SemiAnalysis operates with a cost-efficiency lens: the fundamental metric is performance per TCO dollar. They decompose TCO into capex (server + networking + storage) and opex (power), then benchmark actual throughput to produce a cost-per-token figure. The implicit causal model is that GPU buyers are rational economic actors who will benchmark, compare, and negotiate based on these numbers. The article treats software maturity as a predictable learning curve — CUDA/CuDNN/CuBLAS/NCCL optimizations compound over ~24 months post-launch — and treats hardware reliability as an engineering problem that will be solved on a roughly similar timescale. One unstated assumption: that GB200 NVL72’s problems are “normal” for a new architecture and not a sign of fundamental design flaws in the copper backplane approach.

4) Concrete actions

If negotiating GPU contracts now: demand pricing at least 10-20% below market average if a provider’s MFU benchmarks below reference numbers (e.g., GCP a3-mega was 10-20% worse than average for Llama 70B).
Use the published TCO numbers ($1.42/hr/GPU H100 baseline, GB200 NVL72 ~1.6x TCO/GPU) as negotiation anchors.
Plan training budgets assuming 34-57% throughput improvement from software alone over the first year of a new architecture — don’t overpay for raw hardware expecting static performance.
For LLM training project planning: benchmark your specific model at your target cluster size. MFU scales differently for dense vs. MoE, small vs. large models, and FP8 vs. BF16.

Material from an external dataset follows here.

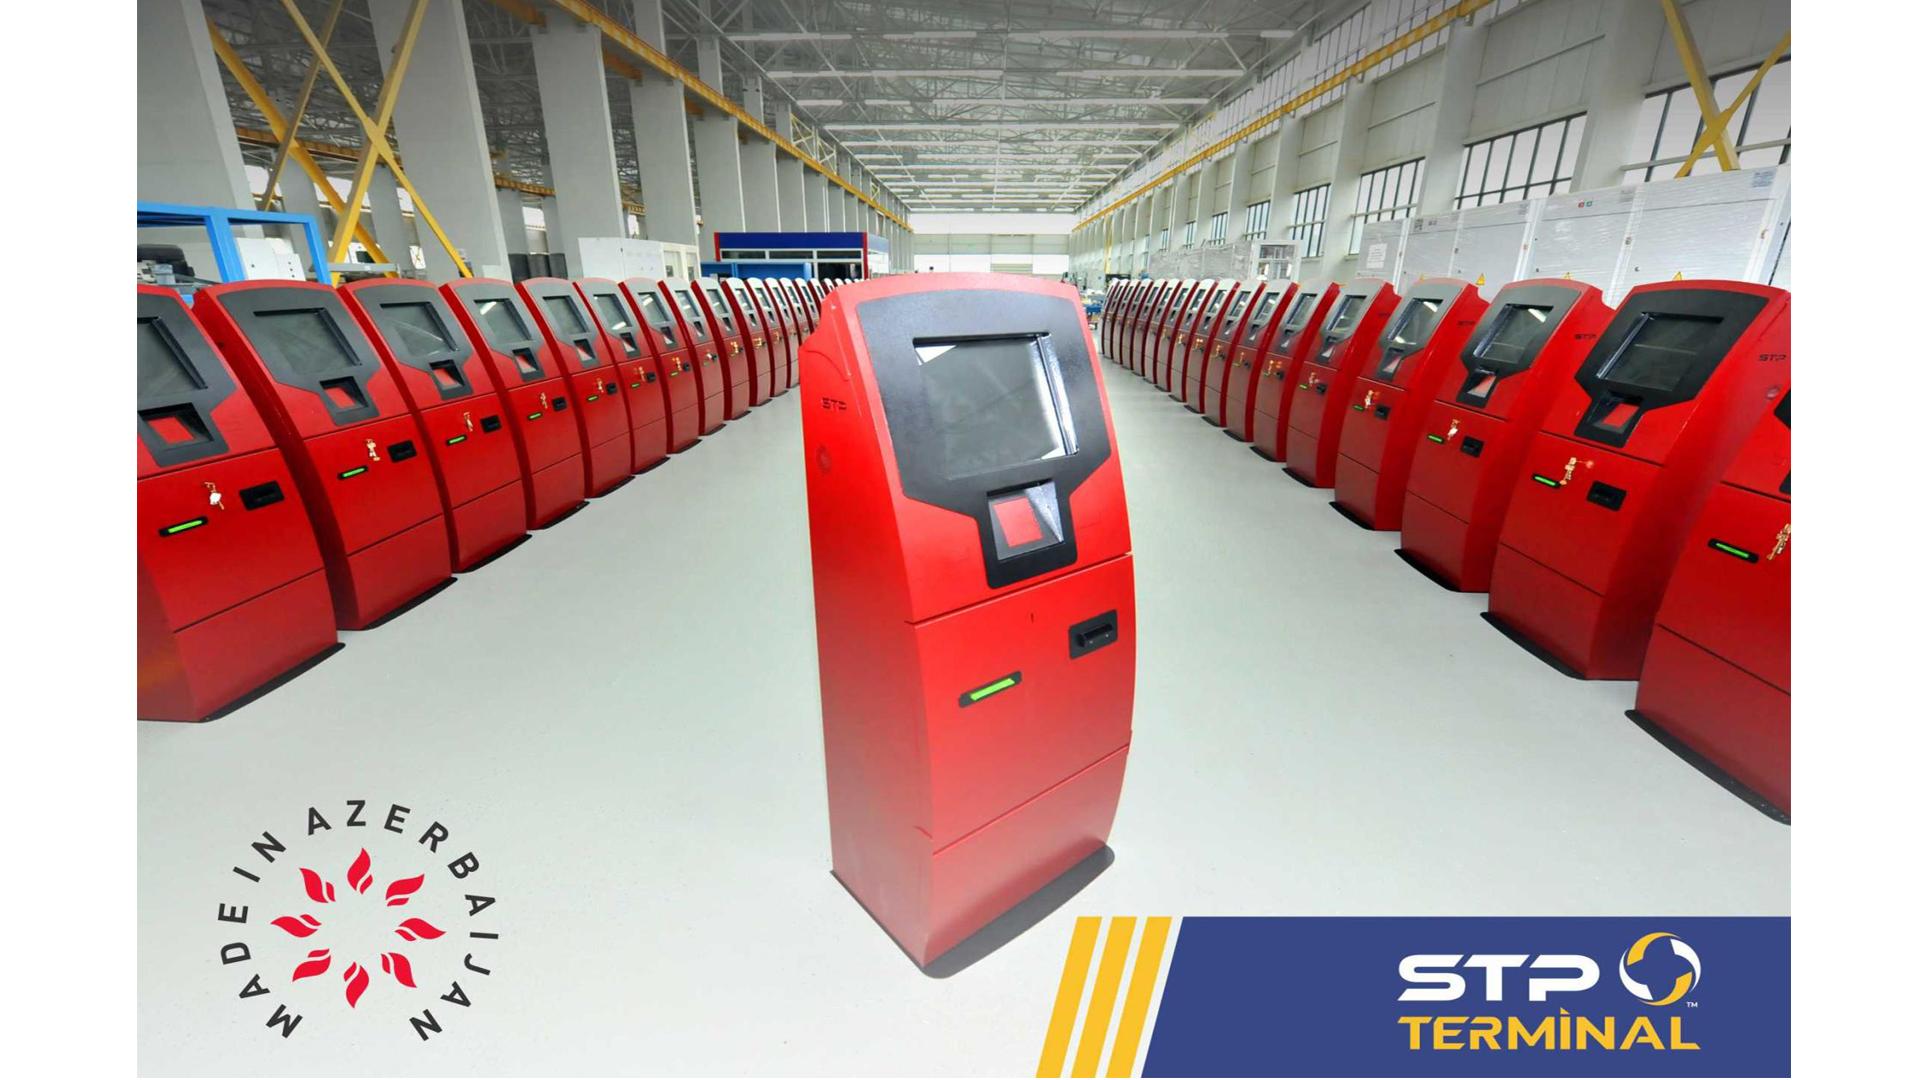 Vergiləri STP terminalları vasitəsilə ödəmək mümkün olacaq

5) Delta vs prior episodes

(first episode from this channel)

6) Red flags

The article is self-serving: SemiAnalysis sells a ClusterMAX rating system, a Datacenter Industry Model, and Core Research subscriptions. The benchmarking methodology section is framed as a public good while being a product pitch.
The three “recommendations to NVIDIA” are presented as neutral analysis but position SemiAnalysis as an industry arbiter with standing to demand transparency from NVIDIA — a notable presumption.
The comparison of Llama 3 405B ($29M) to DeepSeek ($5M) ignores that DeepSeek’s $5M figure is widely doubted and likely excludes substantial R&D compute. The article doesn’t caveat this.
No independent verification of GB200 NVL72 reliability claims — all sourced from unnamed “operators” at CSPs and frontier labs. These could be competitors with incentives to downplay Blackwell readiness.

7) Open questions

Will GB200 NVL72 reliability improve enough for frontier training by end of 2025 as claimed, or is the copper backplane a dead-end architecture?
What is the actual MFU degradation curve beyond 2,048 GPUs? The article hints at further drops but doesn’t benchmark at 16k+ GPU scales where frontier training actually happens.
How does the cost comparison shift when factoring in the engineering time lost to GB200 debugging and reliability workarounds — the article acknowledges this exists but doesn’t quantify it.